Dua Puluh Enam

756 191 20
                                    

Benar bahwasanya para lelaki di keluarga Gunardi mengibarkan bendera perang ketika Kai mendekati anak gadis mereka. Namun, itu hanya di awal-awal saja. Setelah Kai mendapatkan hati Anjani, sambutan mereka berubah hangat dan ramah, termasuk Angga. Dua hari yang lalu pria itu menelepon Kai dan mengajak main golf bersama. Meskipun golf bukan termasuk dalam olahraga favorit Kai, tetap saja Kai langsung menyanggupinya.

Angga pemain golf yang baik. Ayunan tangan pria itu, serta liukan pinggangnya luwes saat memukul bola. Angga langsung memenangkan satu putaran setelah empat jam. Setelahnya, mereka makan siang bersama.

"Is business good, Kai?" tanya Angga membuka percakapan sembari menunggu hidangan datang. Ketika di lapangan, obrolan mereka tak jauh-jauh dari topik kebugaran fisik.

Kelakuan Kai sudah menjadi perbincangan hangat di dalam grup keluarga. Orang gila mana yang nekat mengetuk pintu rumah Robert pagi-pagi buta? Hanya Kai yang bisa. Bagi para keponakannya, Robert terkenal sebagai 'berandal'. Tidak satu pun berani menghadapi Robert. Kecuali Anjani, tentu saja.

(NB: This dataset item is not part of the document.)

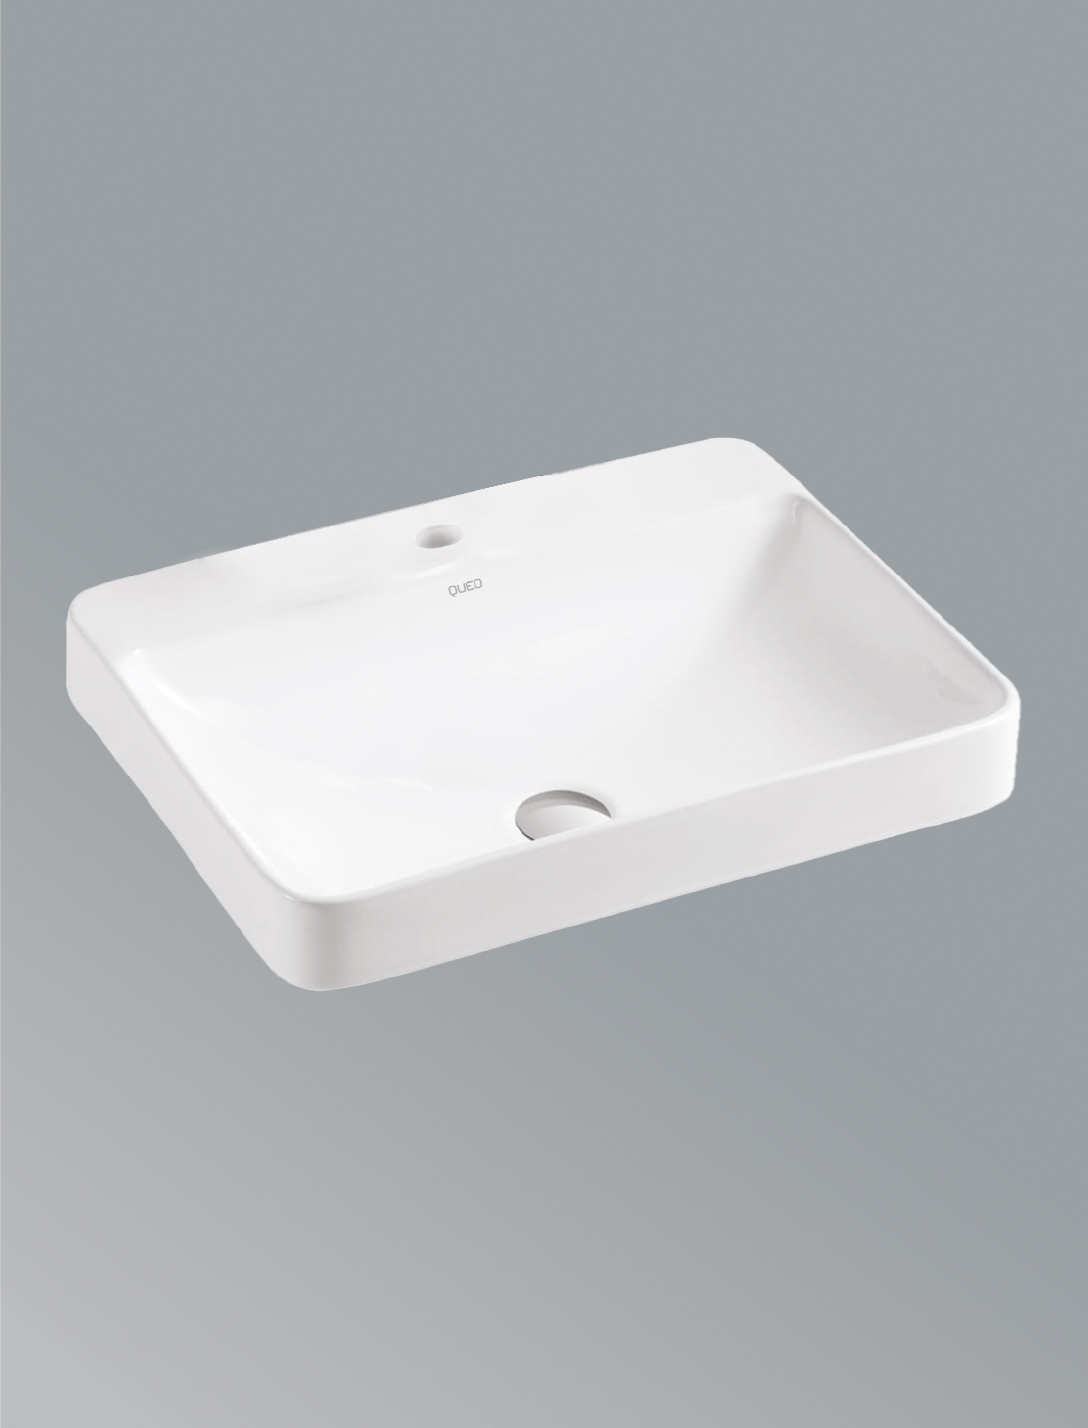 over-the-counter-basin-with-faucet-hole-in-white

Sengaja Angga mengajak Kai bertemu di luar. Karena ia berada di kota yang sama dengan Kai, ia bisa menjalin kedekatan dengan pria itu dan menilai karakternya. Angga tak ingin lagi kecolongan.

"Naik turun, Mas," Kai menjawab secara umum. "Ada beberapa tender yang lagi jalan, ada yang sedang approach, ada yang menang dan ada yang kalah."

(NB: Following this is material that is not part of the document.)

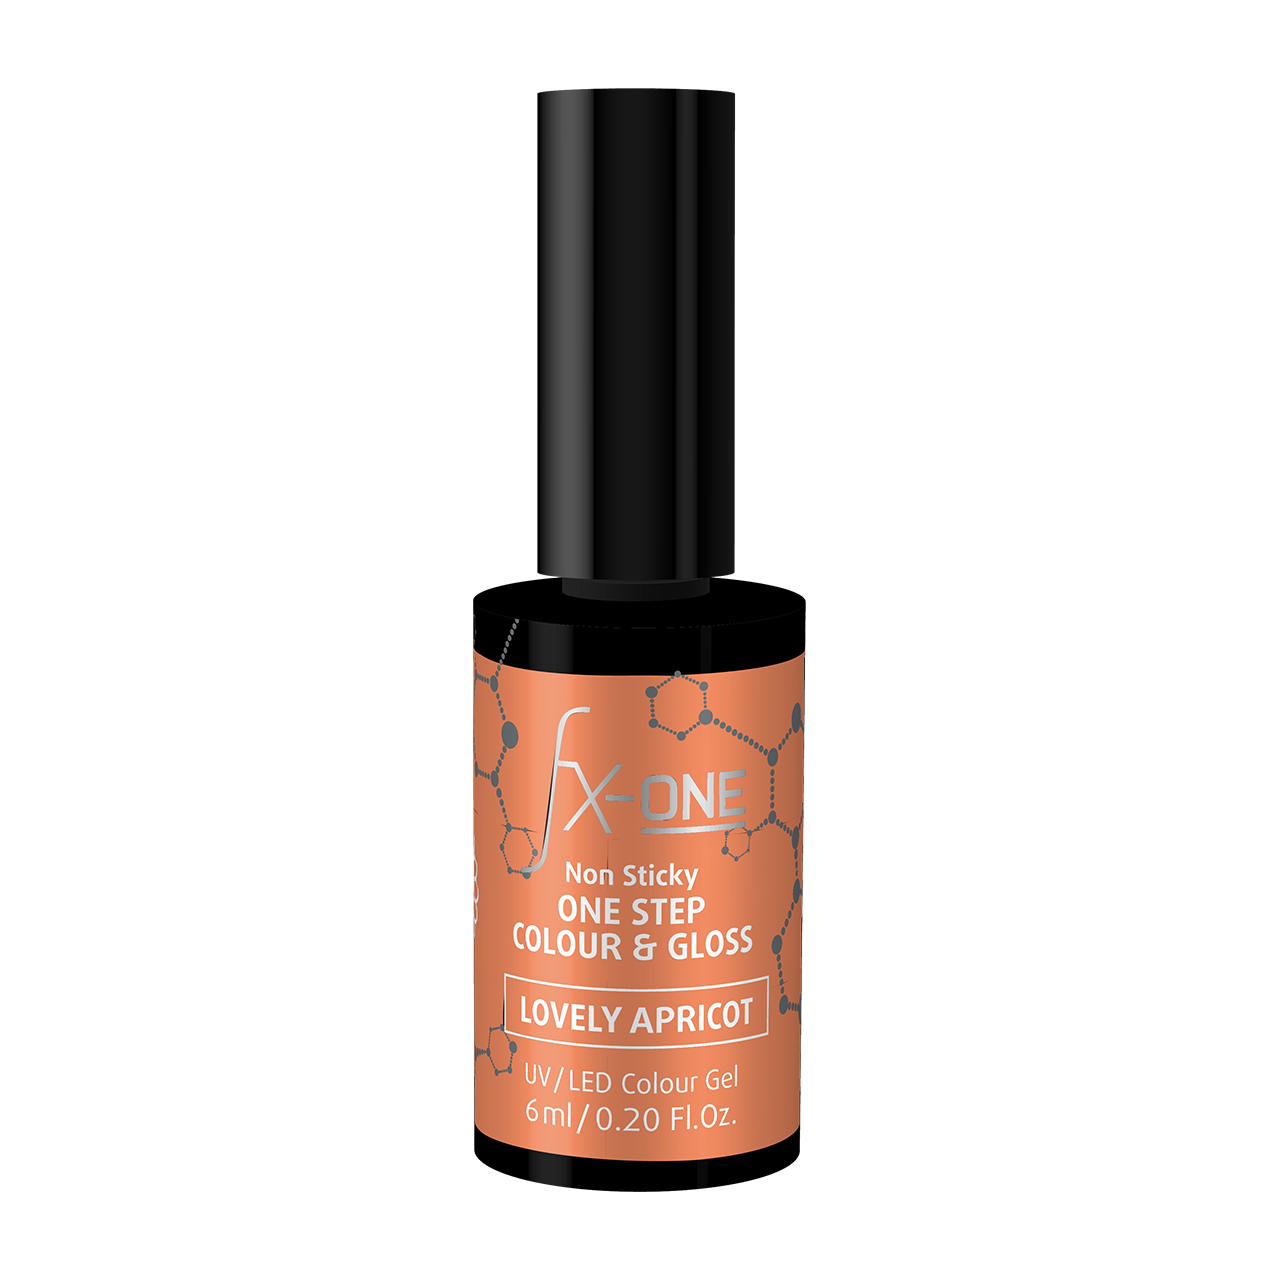 FX-One Colour & Gloss Lovely Apricot

Angga balas tersenyum. "Biasa itu. Namanya juga bisnis."

"Iya, Mas. Rumah sakit gimana, Mas?"

"So far baik-baik saja. Orang tua kamu bagaimana kabarnya?"

Kai menelan ludah. "Mereka sehat, Mas."

"Syukurlah. Jadi, kamu dan Jani sekarang LDR, ya?" Angga menyeringai.

"Begitulah, Mas."

"Sanggup?"

"Disanggup-sanggupin, Mas."

"Yang sabar ya dengan Jani. Anaknya ndak bisa diam. Tapi terlalu banyak kegiatan, ujung-ujungnya nanti malah stres sendiri."

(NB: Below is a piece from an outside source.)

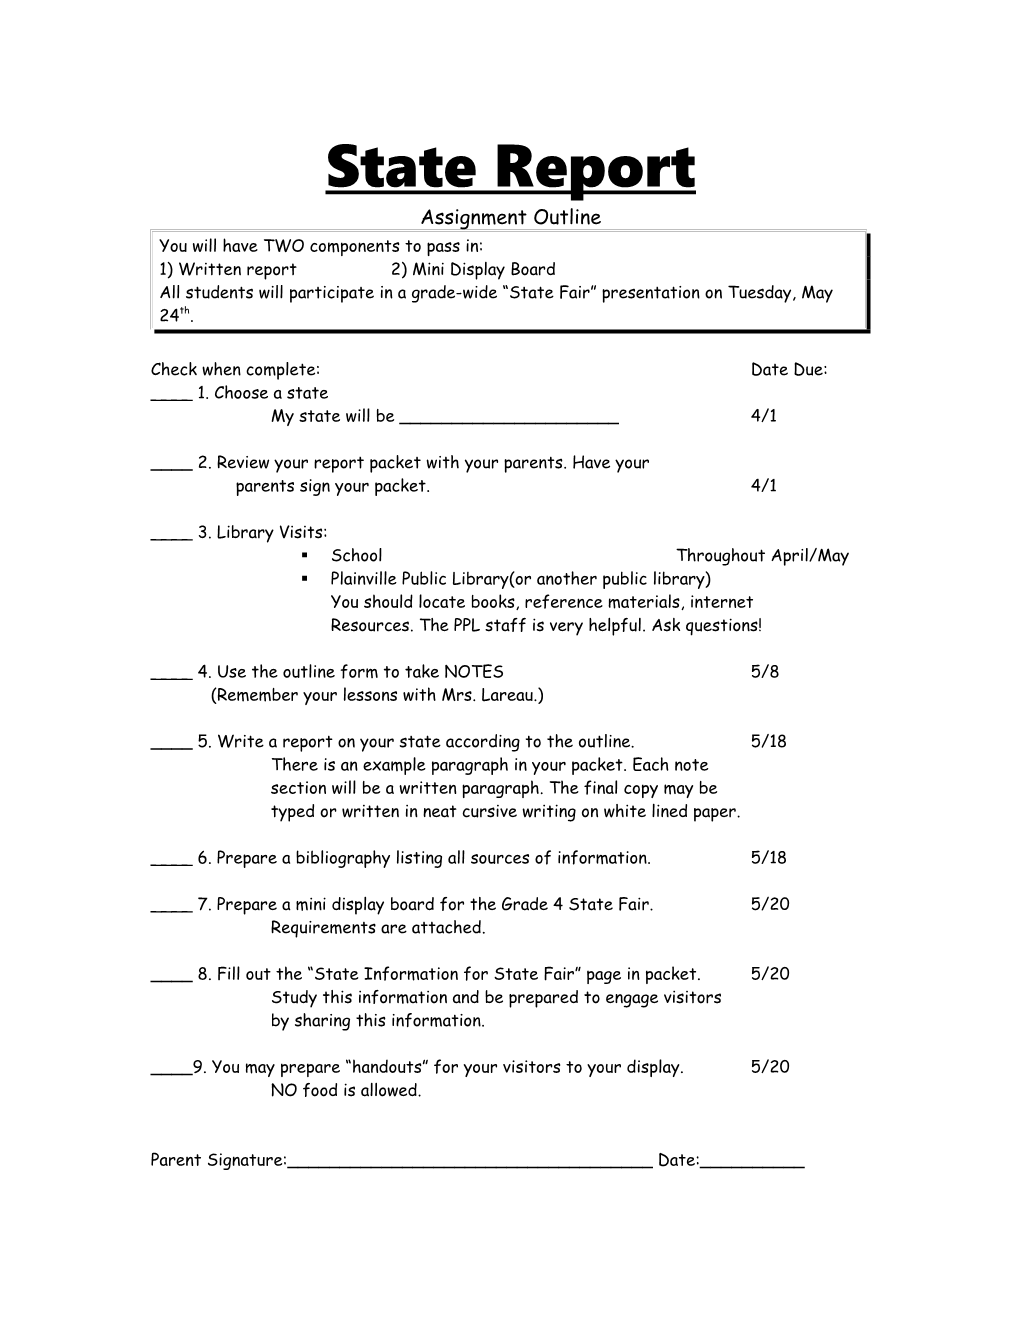 State Report Outline

Kai hanya tersenyum membenarkan.

"Terkadang kalian bakalan lebih sering berantem dibandingkan pasangan normal," kata Angga. "Sepupu saya juga LDR Jakarta-Surabaya. Namanya Attar. Pacarnya Aretha, keponakan Tante Martha. Ndak ada angin ndak ada hujan, lagi nelpon pun bisa perang Baratayudha."

"Oh, ya? Aretha juga kuliah kayak Jani, Mas?"

"Sebelumnya ngurusin hotel punya almarhum ayahnya. Sekarang baru mulai kuliah lagi di Singapura. Jadi makin sering berantem mereka."

"Repot juga, ya?" Kai nyengir saja. "Oh ya, saya belum sempat bilang terima kasih, Mas sudah menyambut saya sebagai teman dekat Anjani sekarang ini," lanjutnya sungkan.

Angga tertawa kecil. "Maaf, ya. Saya sempat sengak sama kamu."

"Nggak apa-apa, Mas. Saya paham."

"Ngomong-ngomong, kamu lulusan mana, Kai?"

"King's College, Mas."

"London?"

Kai mengangguk.

Ponsel Angga di atas meja berbunyi. Pria itu langsung menyambarnya. "Maaf, Kai. Saya angkat sebentar."

"Silakan, Mas."

Selama beberapa menit terdengar Angga berbicara dengan seseorang di seberang. Kai mengambil kesimpulan pembicaraan tersebut tentang laporan hasil pendekatan terhadap seorang dokter spesialis kulit dan kelamin agar berpraktik di rumah sakit Angga.